Growing restless, I turned back to the NFL game just in time to see 1 man standing more than a writhing and groaning man on the turf. I assume I saw his lips yelling, “Hey Bruno, even though we were obtaining breakfast together this morning, your wife told me to tackle you into subsequent Tuesday, did I do a good job?”

In the extremely subsequent play a running back was nailed in a bone-splitting tackle. Certainly, his bone did split, and then protruded proper out of his bloody skin causing a wave of nausea to spread over the crowd.

Fascinated but horrified, I promptly turned to the baseball game and witnessed a wild pitch hit the batter on the finger. The batter yelped and had to sit the rest of the game out, his pinky was smarting.

To replace the bone-sticking-out-of-his-leg guy in the NFL game, a bulky player with flowing dreadlocks sticking out of his helmet began lumbering onto the field. He had a substantial cast on his arm that looked like a massive club. With the hand totally encased, forming a massive bulbous weapon, he shook it as his opponents in defiance when possibly struggling to stick 1 specific finger up, and then reluctantly joined the huddle.

It was nearing the halftime and so several timeouts had been called that they seemed to have run out of commercials to play.

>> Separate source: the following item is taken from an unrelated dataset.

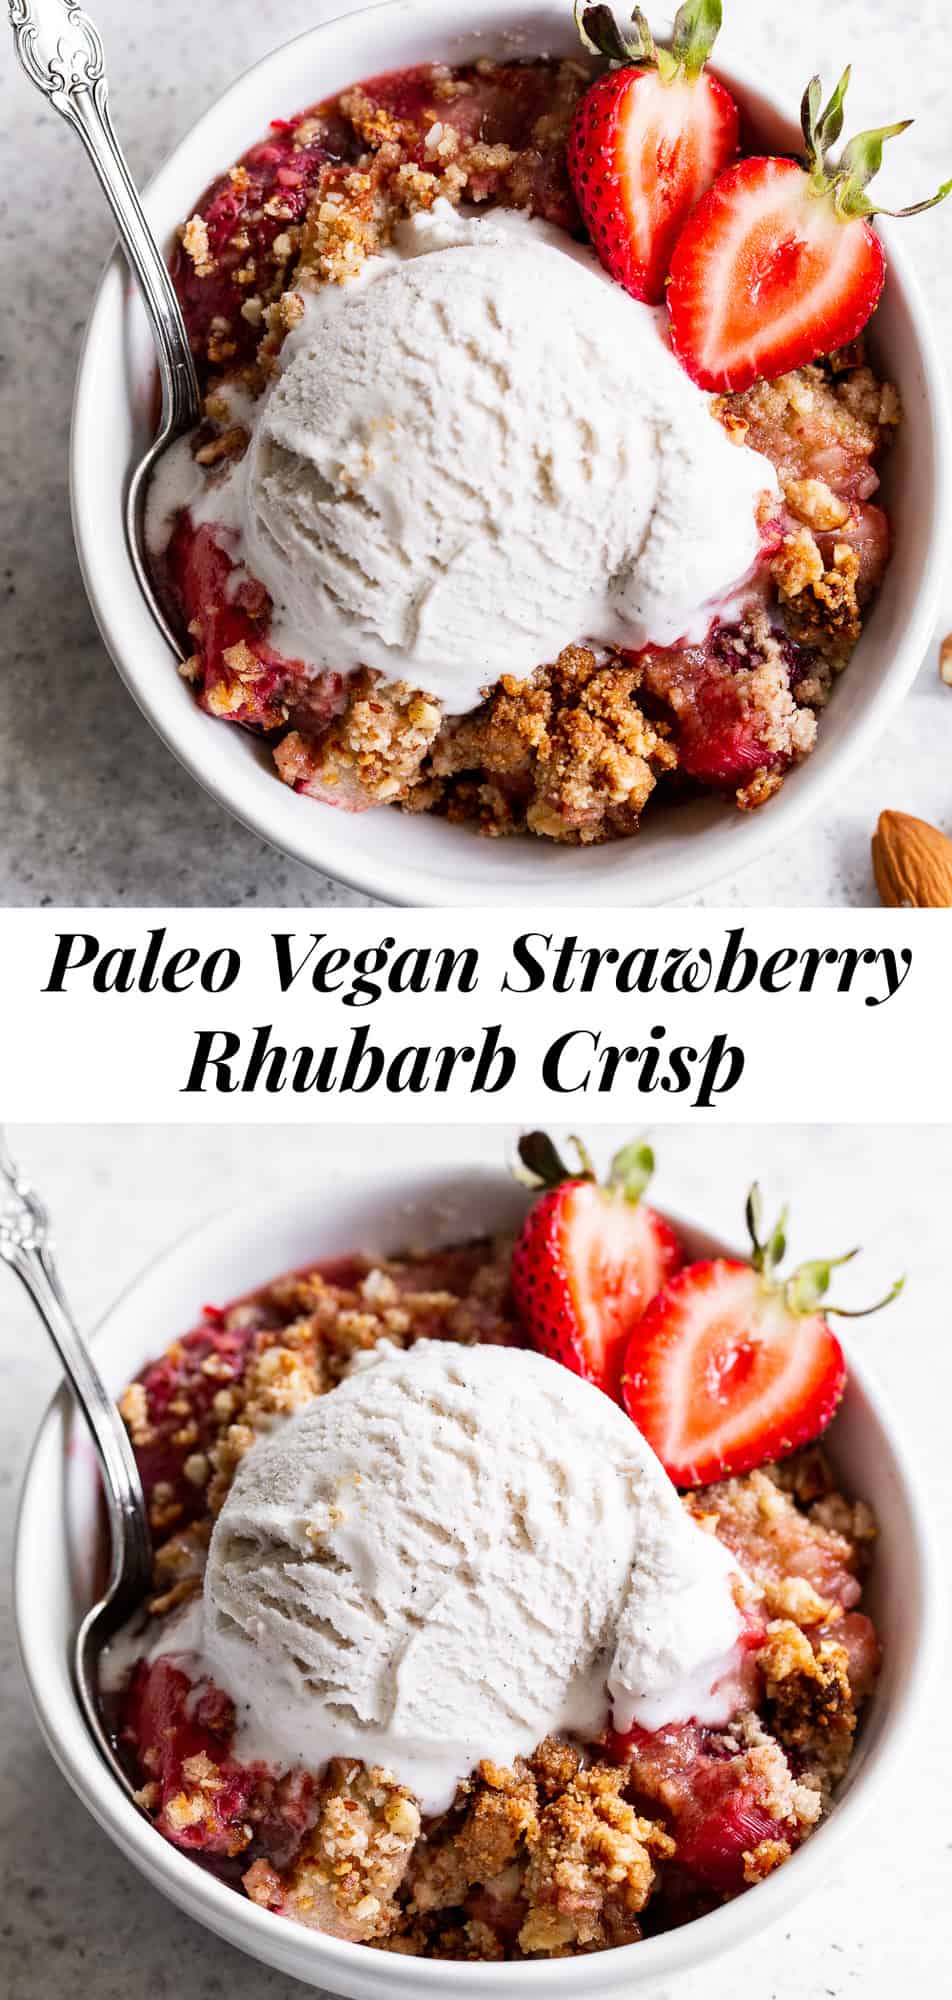 This classic Strawberry Rhubarb Crisp is irresistibly delicious and easy to make!  A sweet tart fruit filling is topped with a toasty crumble for a summer dessert that will make everyone come back for seconds.  It’s paleo, vegan, gluten-free, dairy-free and refined sugar free. #paleo #vegan #cleaneating #strawberryrhubarb 
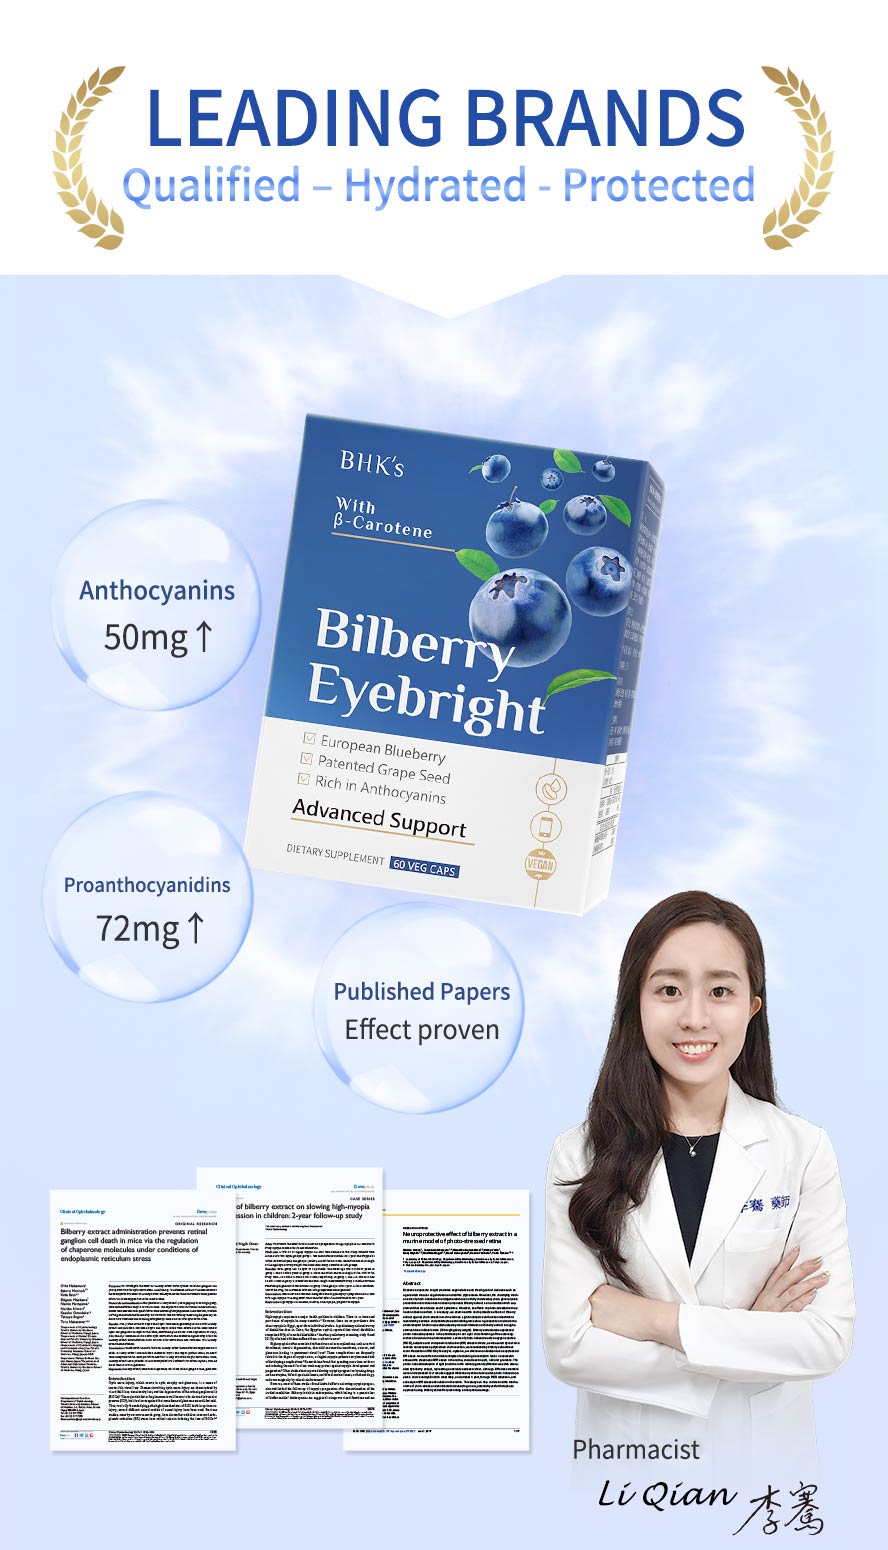 The pharmacist recommended that BHKs Bilberry Eyebright Veg Capsules is the leading brand in protecting the healthy eyes

So the cameras began scanning the crowd. It was a lot colder where this game was being held, and I could see people’s breath. I also saw a guy in shorts and no shirt who had painted his skin from head to toe in his NFL team’s colors. His head was shaved and also painted, and he was wearing a big pig’s nose on his face.

As I briefly scanned the crowd on the other Tv, I saw lots of folks in button down, quick sleeve shirts, baseball caps and gloves on, waiting expectantly for that ever-elusive foul ball.

The 1st half began to wind down in the NFL game, and I actively awaited gratuitous shots of hot cheerleaders. I was rewarded with lots of silly pompom waving and cleavage. I then happily turned back to the MLB game but only saw three heavy-set females shoving sausage dogs and peanuts in their mouths.

At halftime I got a likelihood to go to the bathroom and grab an additional cold beer and extra snacks. There is under no circumstances a big break in baseball, and every single time I go to the bathroom while watching baseball I constantly miss the major play, which of course happened this time as well.

My MLB game continued to plod along when I got back, inducing the unique ball-strike-out hypnotic state that only baseball can result in. I was about to doze off when I was jarred out of my trance by the flashy touchdown dance I saw on my other Tv. The guy who just scored was moonwalking across the uprights though flapping his arms like wings. He then proceeded to do a magnificent swan dive which turned into a double summersault with a twist and lastly landed completely on the field.